The Solicitors Qualifying Exam has had its share of bad press over the years – including from me.
Multiple-choice questions? ‘Pah! we said. ‘Child’s play!’ Boosting social diversity? ‘Hah!’ we retorted, ‘Two-tier profession!’.
With the first assessment just a few months away, however, a troubling realisation has begun to dawn. Perhaps – beyond the scepticism and the teething problems and the nostalgia for the good old days of articled clerks – the SQE isn’t such a bad idea after all.
Over the past few months, a host of City firms have developed apprenticeship schemes incorporating the new SQE assessments. Allen & Overy has created a solicitor route for school leavers – the first magic circle firm to do so – and is recruiting an initial cohort of six teenagers to start next year. KPMG is also targeting non-graduates for its six-year solicitor programme, which promises permanent contracts at the end of it.

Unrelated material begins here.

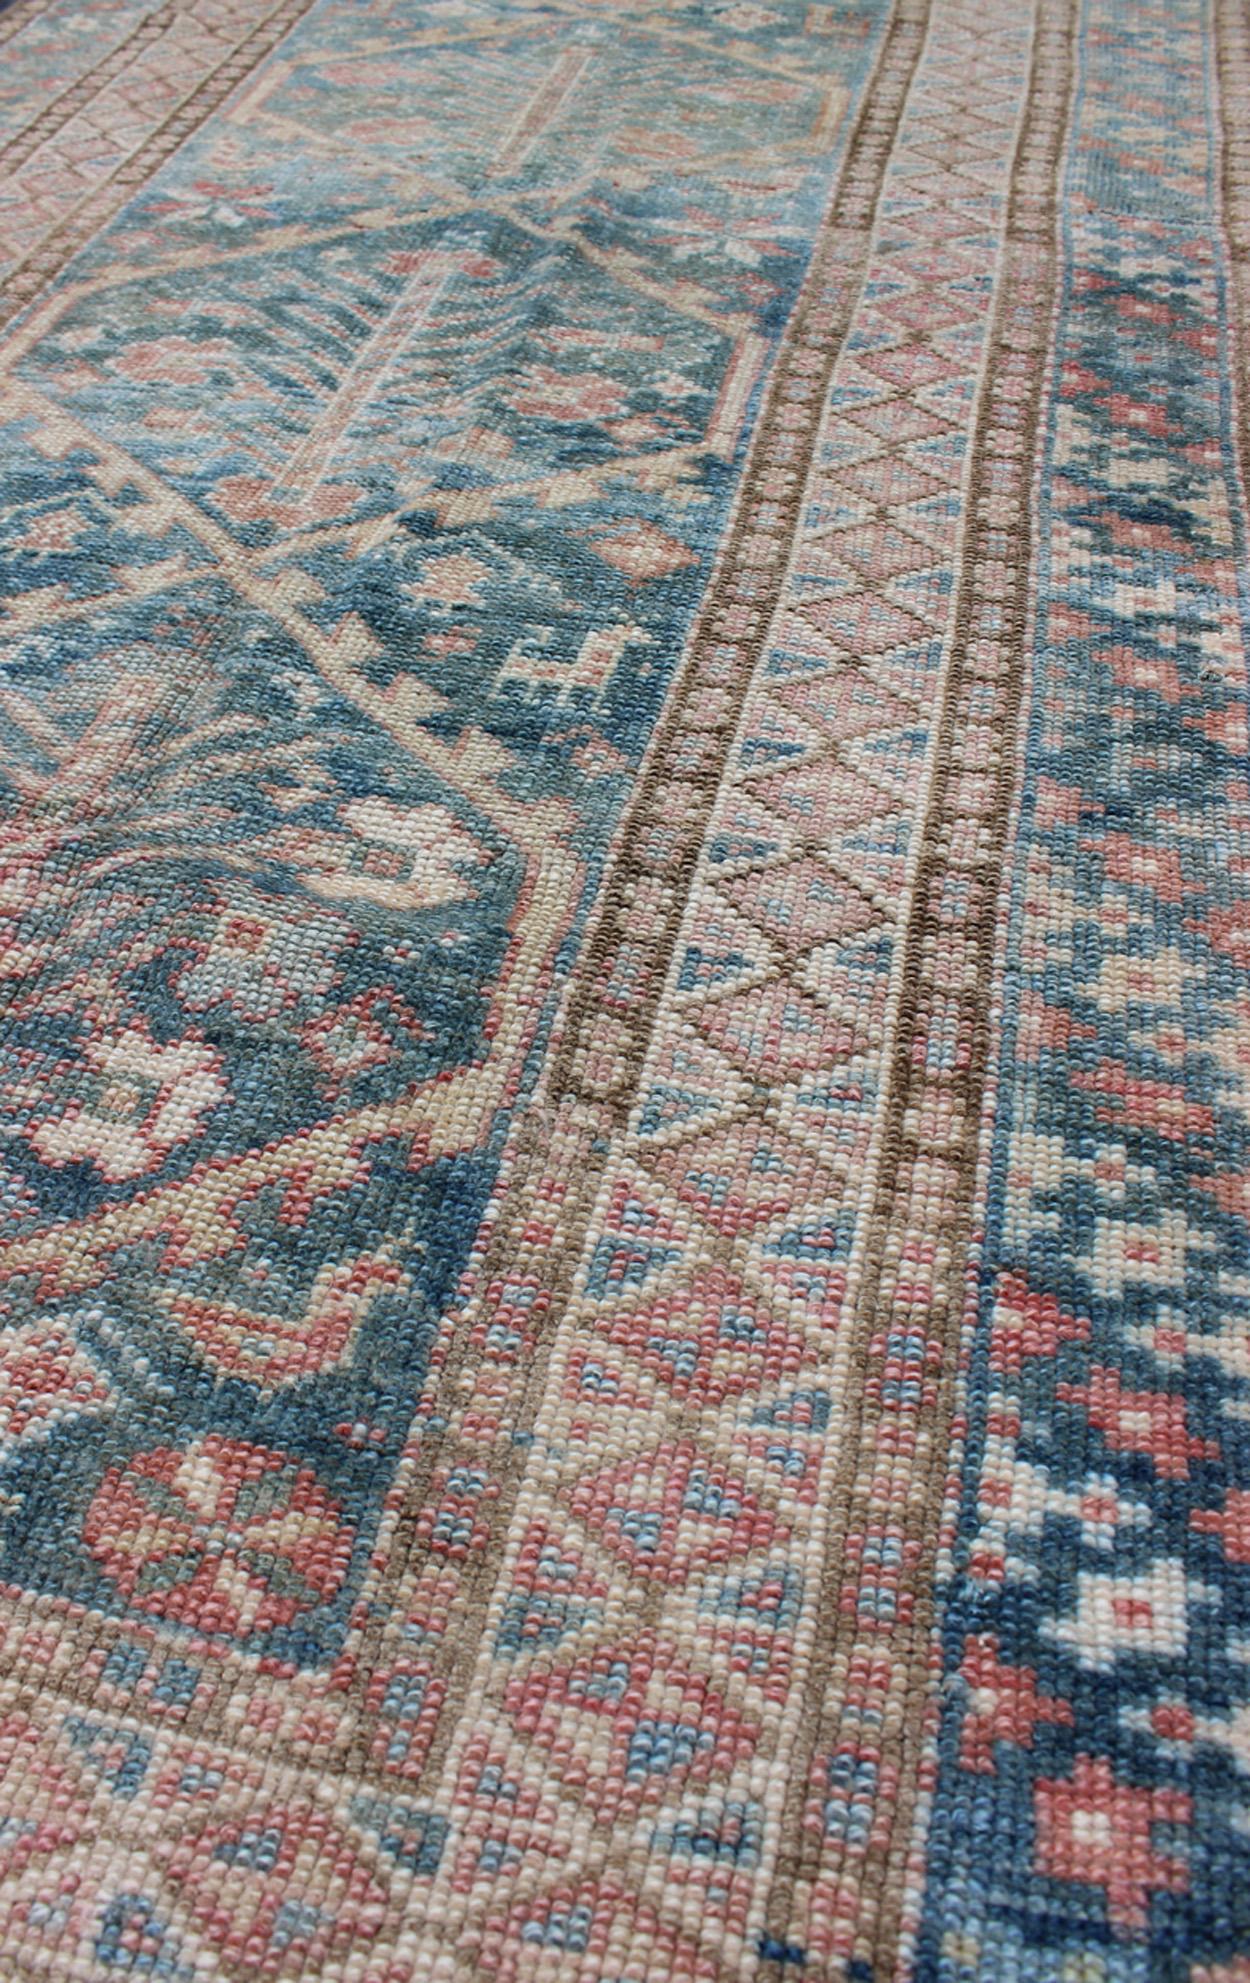 Antique Geometric Design Persian Small Lori Rug in Light Teal and Pink In Good Condition For Sale In Atlanta, GA

Other practices are trying to make it more financially viable for graduates to enter the legal profession. As someone who occasionally dabbles with the idea of packing in journalism and becoming a solicitor myself (reporting on too many City pay rises can do that to a person), I’ve watched the space with interest. While it’s clear that some firms are simply rebranding their training contracts as ‘apprenticeships’ to sound more down-to-earth – in much the same way as Waitrose markets ‘essential’ Ardennes pâté – others promise to make a genuine difference.
Reed Smith, for instance, is introducing an ‘earn as you learn’ programme, allowing graduates to start earning a salary before finishing their legal training. Similarly, Kennedys will allow law graduates to start working without completing the legal practice course (LPC), instead gaining the required work experience in one of its professional teams.
These developments do not allay concerns that the SQE will create a two-tier profession; that trainees backed by big firms will benefit from expensive training courses, while others will rely on cheaper, online ‘crammer’ courses. Nor do they address worries that the SQE will not test students thoroughly enough and risks ‘dumbing down’ the legal profession.
However, the new initiatives may open up City firms – which are frequently chastised for being too posh, too Oxbridge, and too white – to a wider range of candidates. From September, there will be other routes into the City than completing an undergraduate degree, a few hundred vacation schemes, perhaps a law conversion course, and an expensive LPC.
It’s not perfect, but it's a step in the right direction.